Comment le nouveau matériel modifie la transmission des contenus ?

L’explosion du nombre de supports est avant tout la résultante d’une maturité technologique amorcée avec l’apparition de l’imprimerie pour aboutir aujourd’hui aux techniques de diffusion en ligne. La diversification des canaux et des nouveaux outils fait émerger une révolution technologique sans précédent depuis celle de Gutenberg. Elle est l’aboutissement d’une convergence de trois grandes tendances : la maturité de développement des infrastructures de réseaux et notamment de la technologie sans fil, la performance du matériel tendant à toujours plus de miniaturisation et de portabilité ainsi que le taux d’équipement des foyers. Le marché est aujourd’hui mature pour accueillir l’explosion des usages du numérique en même temps que le volet technologique devient une partie essentielle (et versatile) de la révolution des contenus. 4G, WiMAX, VoIP, CPL, Android, FemtoCell, TNT, NFC, AJAX, smartphones, RFID sont autant de termes qui semblent avoir été créés pour brouiller l’entendement du néophyte et parfois des plus experts. Sans pour autant qu’ils s’imposent durablement puisqu’un terme a tôt fait de devenir obsolète et d’être remplacé dans la même semaine par un nouveau mot, une nouvelle technique, un nouveau matériel.

Une révolution née de la domestication informatique

L’innovation technologique reste le moteur essentiel de l’émergence de ce que l’on a coutume d’appeler les nouveaux usages. Elle permet aujourd’hui d’offrir des solutions technologiques et industrielles aux nouveaux besoins. Jusque dans les années 90, l’ordinateur était avant tout considéré comme un outil de travail autonome, permettant le traitement de texte, la gestion de base de données, voire le travail de PAO ou de CAO pour certains métiers. Sa généralisation avait déjà été une révolution pour les industries graphiques ou techniques pour qui l’ordinateur devenait un assistant précieux. Aujourd’hui, l’outil informatique est devenu avant tout un outil de communication, connecté au reste du monde grâce à Internet. L’écran s’est généralisé un peu partout et notamment dans les foyers. Entre télévision, ordinateurs, tablettes, liseuses et smartphones, il devient l’interface commune à tous les contenus. Selon une étude Médiamétrie, trois foyers sur quatre sont aujourd’hui équipés d’au moins un micro-ordinateur alors qu’ils n’étaient qu’un pour deux il y a cinq ans. Selon la même étude, le taux d’équipement des foyers est passé de 4,9 équipements numériques en 2006 à 8,7 en 2011. L’arrivée massive des smartphones et des tablettes y étant certainement pour quelque chose. Des équipements qui, étonnamment, ne viennent pas à se concurrencer entre eux mais intègrent chacun un usage spécifique dans ce qu’il est coutume d’appeler la galaxie numérique. Un constat qui prouve la fin d’une certaine culture geek pour tout ce qui a trait à l’équipement informatique et prouve que l’utilisateur maîtrise parfaitement l’interchangeabilité des supports en fonction des contenus qu’ils délivrent.

Un omni-connexion invasive

Au-delà des outils, c’est aussi le phénomène d’omni-connexion qui est aujourd’hui au centre des enjeux de la révolution technologique. Réseau 3G puis 4G, technologie NFC (Near Field Communication) géolocalisation et puces RFID (Radio Frequency IDentification) brouillent les frontières entre l’information voulue et celle subie et nous font plonger virtuellement comme physiquement dans un nuage de données numériques. Demain, l’information sera partout disponible mais nulle part stockée localement. Un avenir qui peut s’avérer menaçant, notamment pour tout ce qui concerne la préservation individuelle des données, et dans lequel s’engouffrent aujourd’hui un grand nombre d’industriels de l’information.
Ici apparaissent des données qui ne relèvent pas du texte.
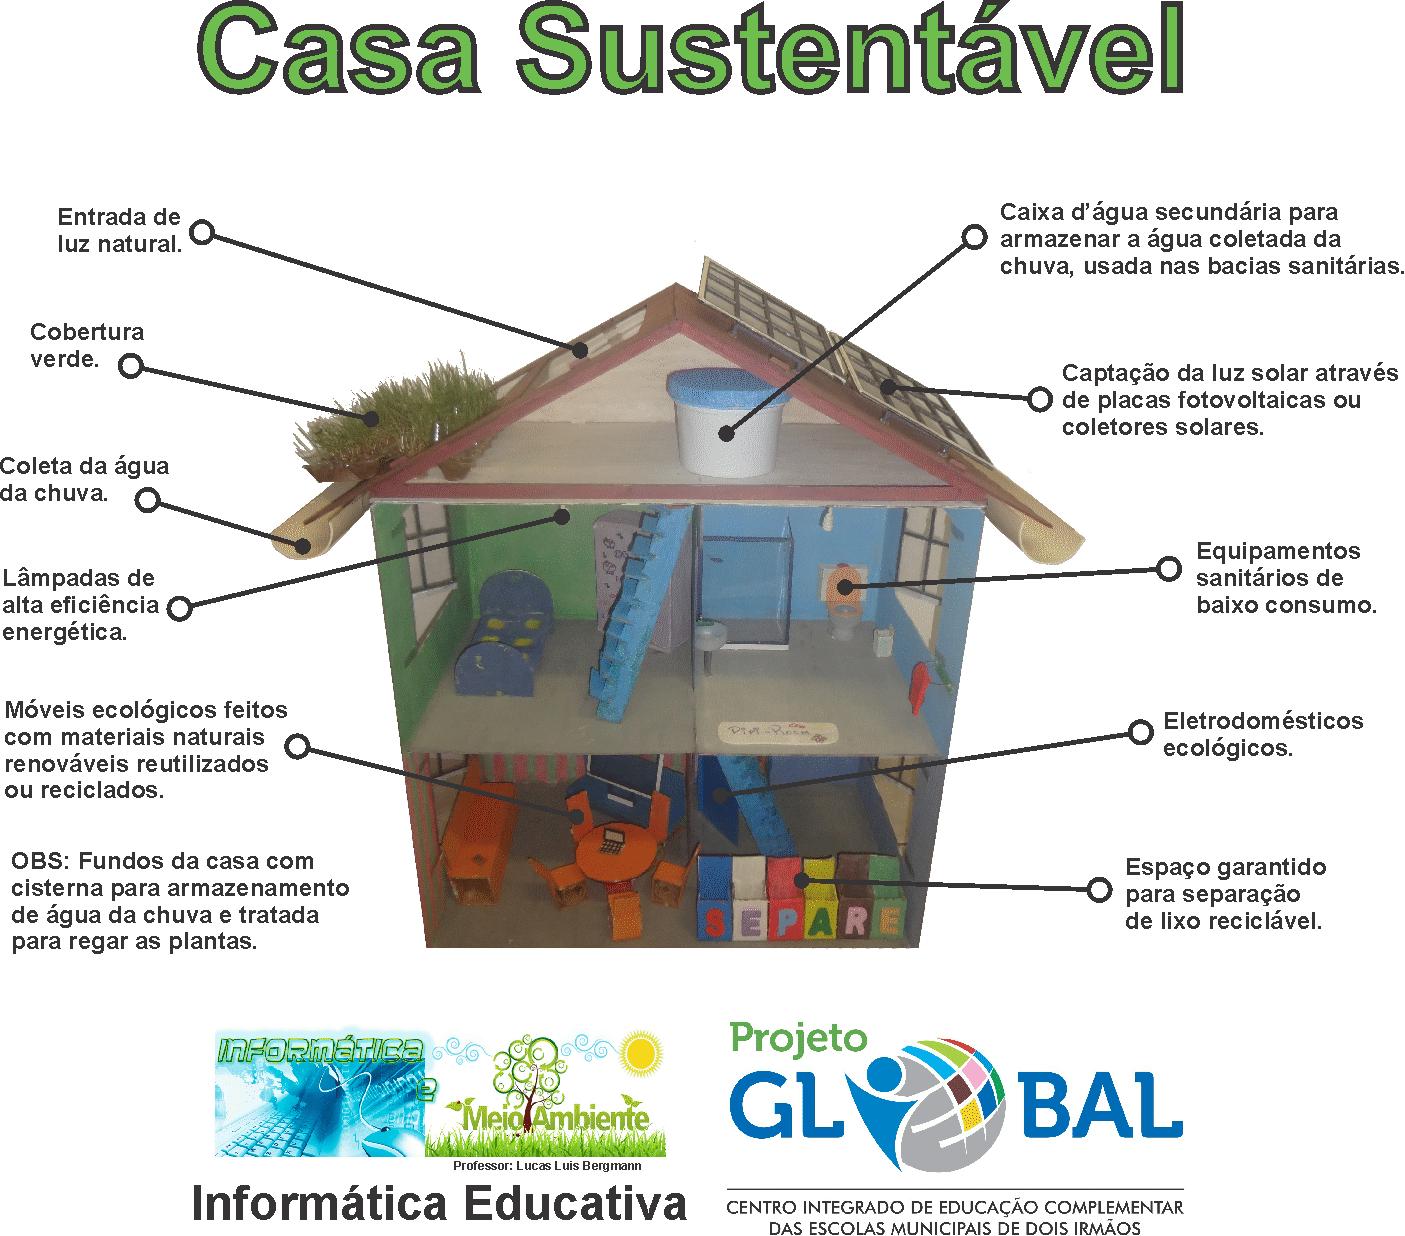 #0B7BBA Projeto Global: Informática Educativa 1405x1236 px projeto de banheiro sustentavel
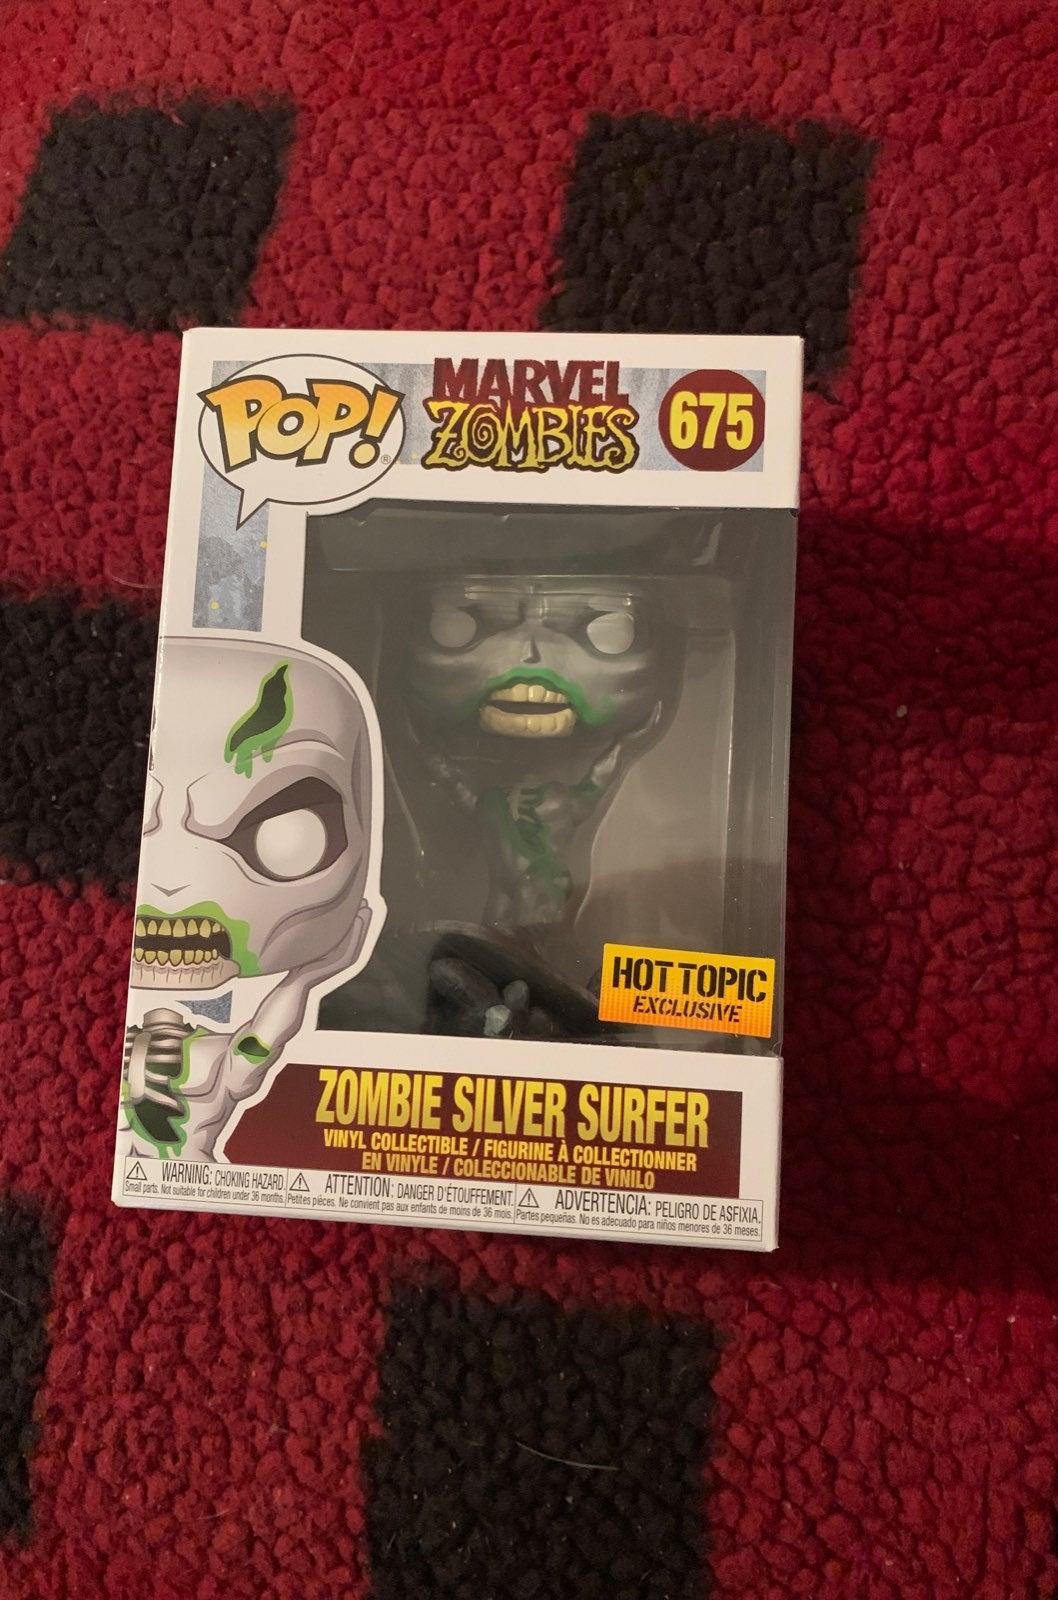 Zombie Silver Surfer

La technologie est-elle précurseur des usages ?

De la technologie naît donc l’usage dont découlent elles-mêmes les solutions ouvrant des nouveaux marchés. Un paradigme qu’il faut toutefois manier avec précaution. Ainsi, si les tablettes tactiles nomades semblent s’imposer sur un marché domestique pour lequel elles n’étaient pas forcément prédestinées, la TV connectée n’est pas encore rentrée dans les mœurs pour la bonne et simple raison que l’offre associée n’est pour l’instant pas clairement perçue par les consommateurs. Dans un environnement où tout change très vite, il est crucial que l’utilisateur à qui on propose une nouvelle technologie puisse immédiatement percevoir les avantages qu’il pourra en tirer. L’adhésion des early-adopters est donc plus que jamais un passage obligé pour les industriels des médias…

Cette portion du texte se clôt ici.